If you were wondering, as I’m sure you were, “Claire, how were your salads this past weekend?” the answer is, “F-ing awesome, thank you.”
I had company over both Friday and Saturday nights and I decided that for dinner I’d make a lovely pasta accompanied by a fantastic salad. So often the accompanying salad in dinner is a tedious, obligatory affair, a way to delay the exciting arrival of the main event. But recently, I had lunch at Farmhouse, where I I ordered a patty melt but substituted a salad instead of french fries. I did this reluctantly, since usually those side salads are such a blah affair, but since I no longer possess the insides and metabolism of a college student, I couldn’t in good conscience order a deep-fried cheeseburger and then also eat fries with it.
I was surprised and delighted, however, to discover that the side salad was actually delicious in its own right, thanks to some Craisins and shaved carrots and serrano peppers on top. Thus I was inspired, this weekend, to make my own salads special. My salads consisted of:
shaved pecorino or parmesan
pepitas or candied pecans
dressing made of balsamic vinegar, olive oil, shallots, salt and pepper.
And they turned out delightful! No bland “eat your veggies, even though they suck” kind of salad. I highly recommend this recipe.
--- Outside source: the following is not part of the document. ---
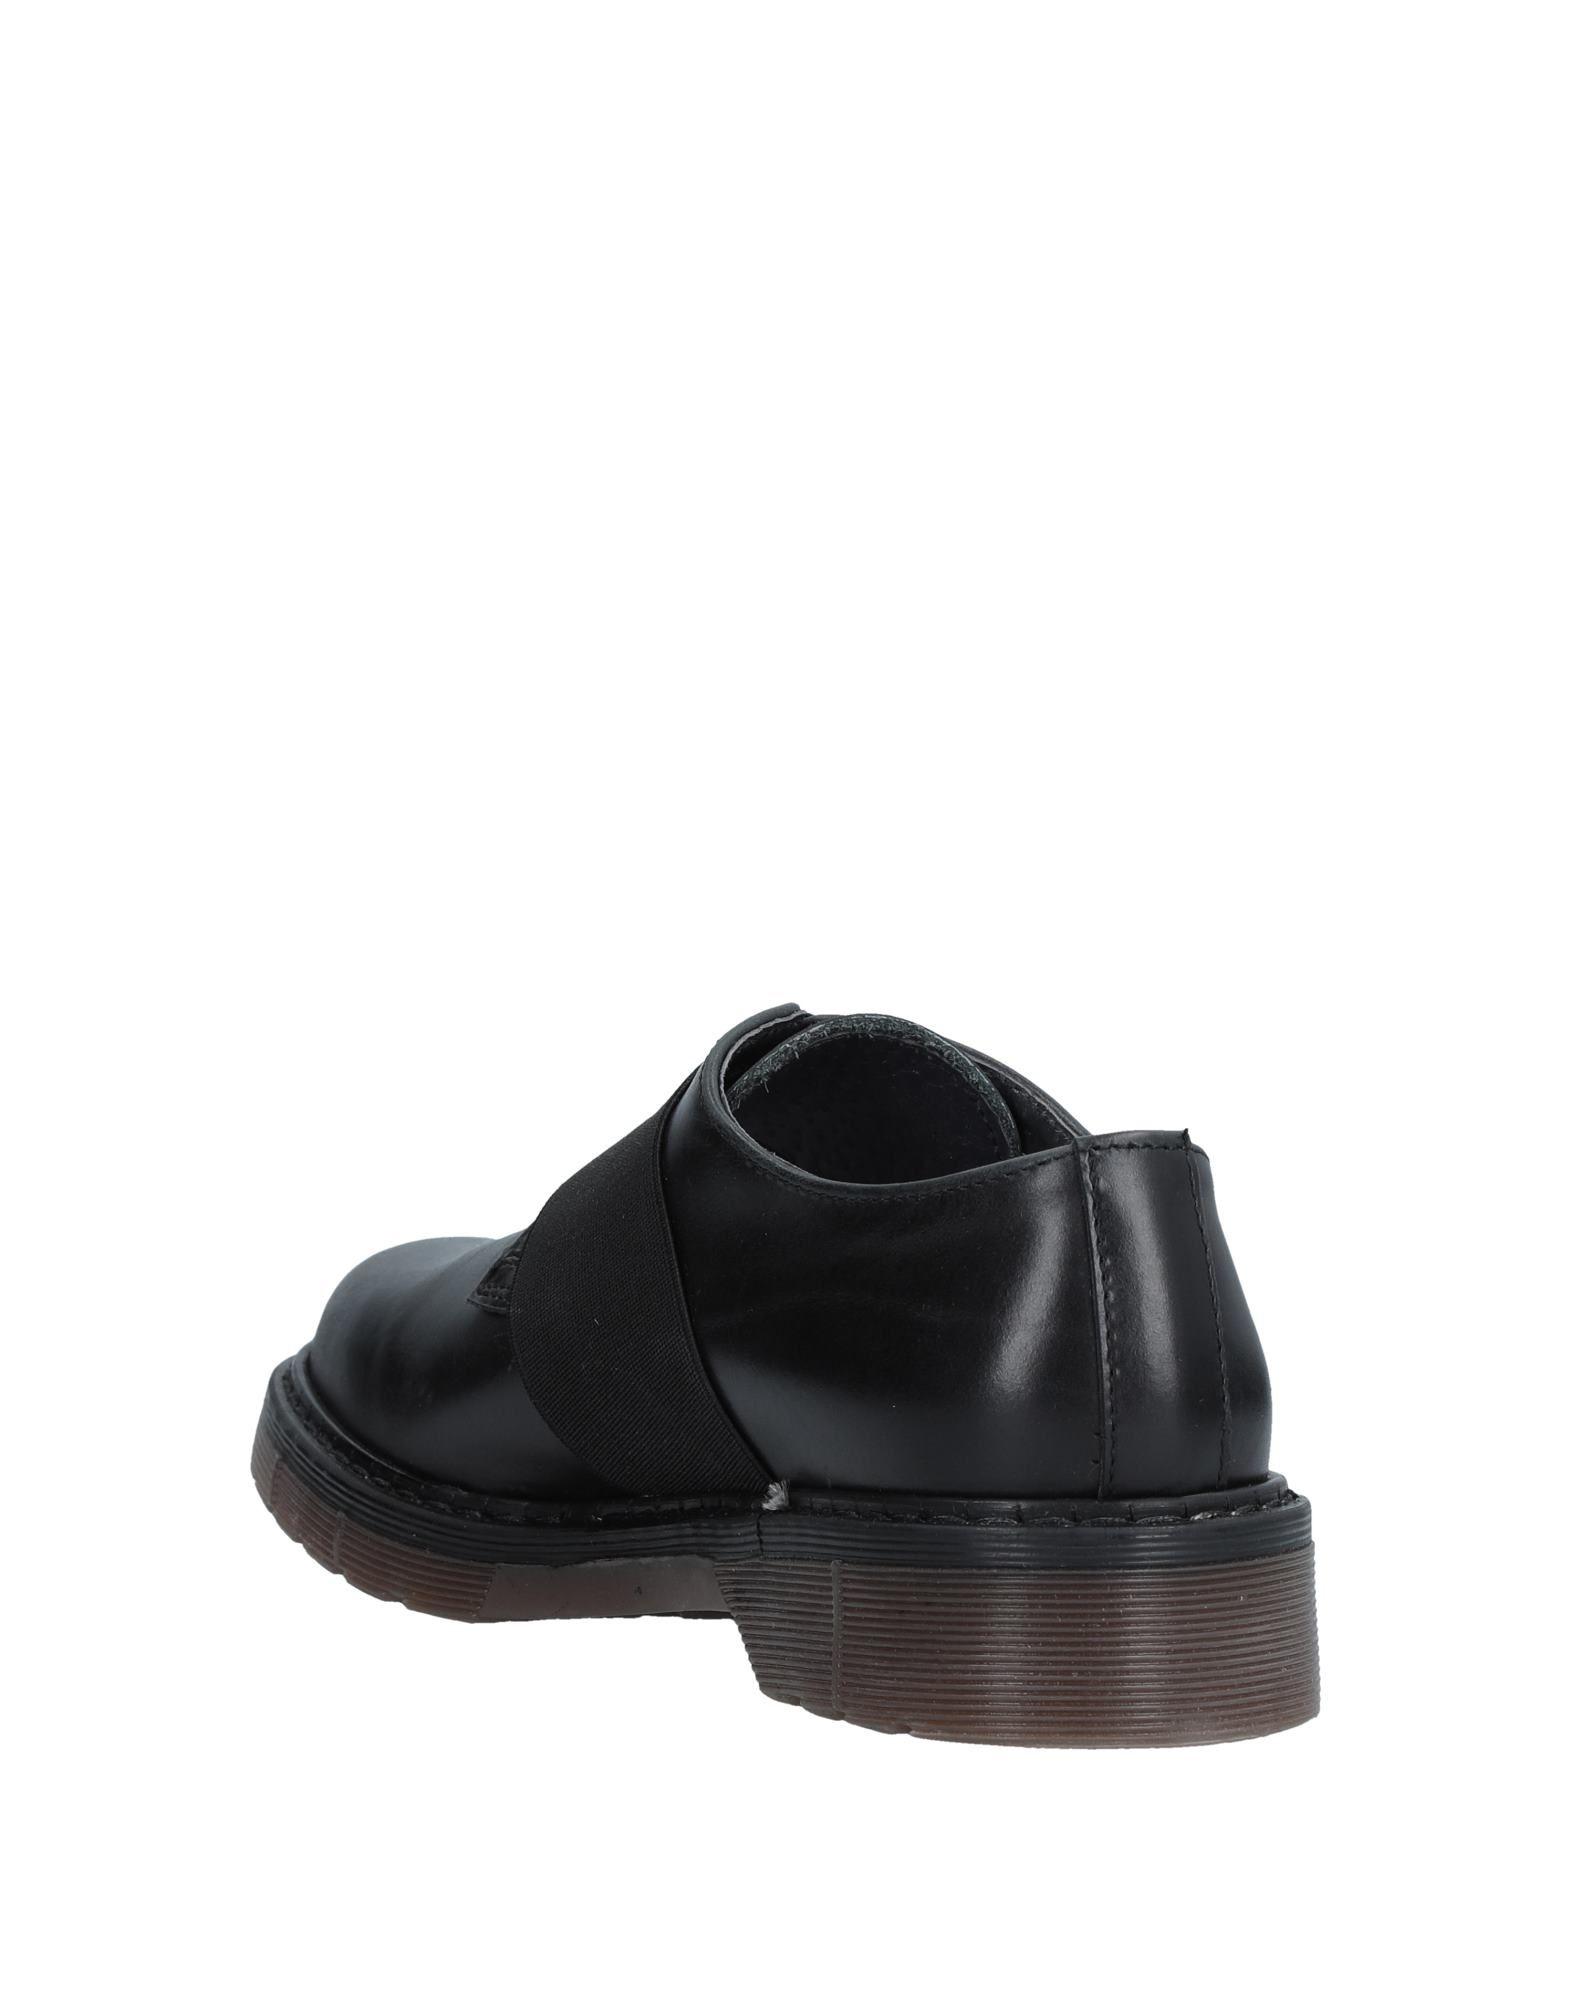 Tsd12 Mokassins Damen  11537387KE Gute Qualität beliebte Schuhe

However, I only have one complaint and it’s with the mixed greens situation. It’s this:
In the lettuce world, frisée (known as curly, or “jerk” endive), is the bane of my existence. It’s prickly. It’s bitter. It’s difficult and unpleasant to eat. And it takes up a lot of space in a salad where other, less-offensive greens could be residing.
It seems quite unfair to me that of all the mixed greens, arugula is the one that gets the bad rap in the salad world. If you’re a politician and you profess any sort of knowledge or affinity for arugula, you’re an out of touch elite effete. This is patently unfair, though. Arugula is delicious. It’s peppery and tender and healthful and is amazing on sandwiches.
Plain old rusty-looking iceberg lettuce has its time and its place but let’s let arugula become part of the mainstream. If we’re going to alienate one particular green, let it be the one that’s a total pain in the neck, not the innocent arugula, which, incidentally, is sometimes known as “rocket.” I think if we rebranded “rocket” the way the unappetizing-sounding Chinese gooseberry was reborn as the Kiwifruit, arugula would rightfully lose its stigma. Let the stigma pass over to jerk endive, which should rightfully become mocked as the new “freedom fries” of the salad world.
This post came in first place in the unannounced “Most NPR-ey Blog Post” contest, run and judged by me and where mine was the only submission.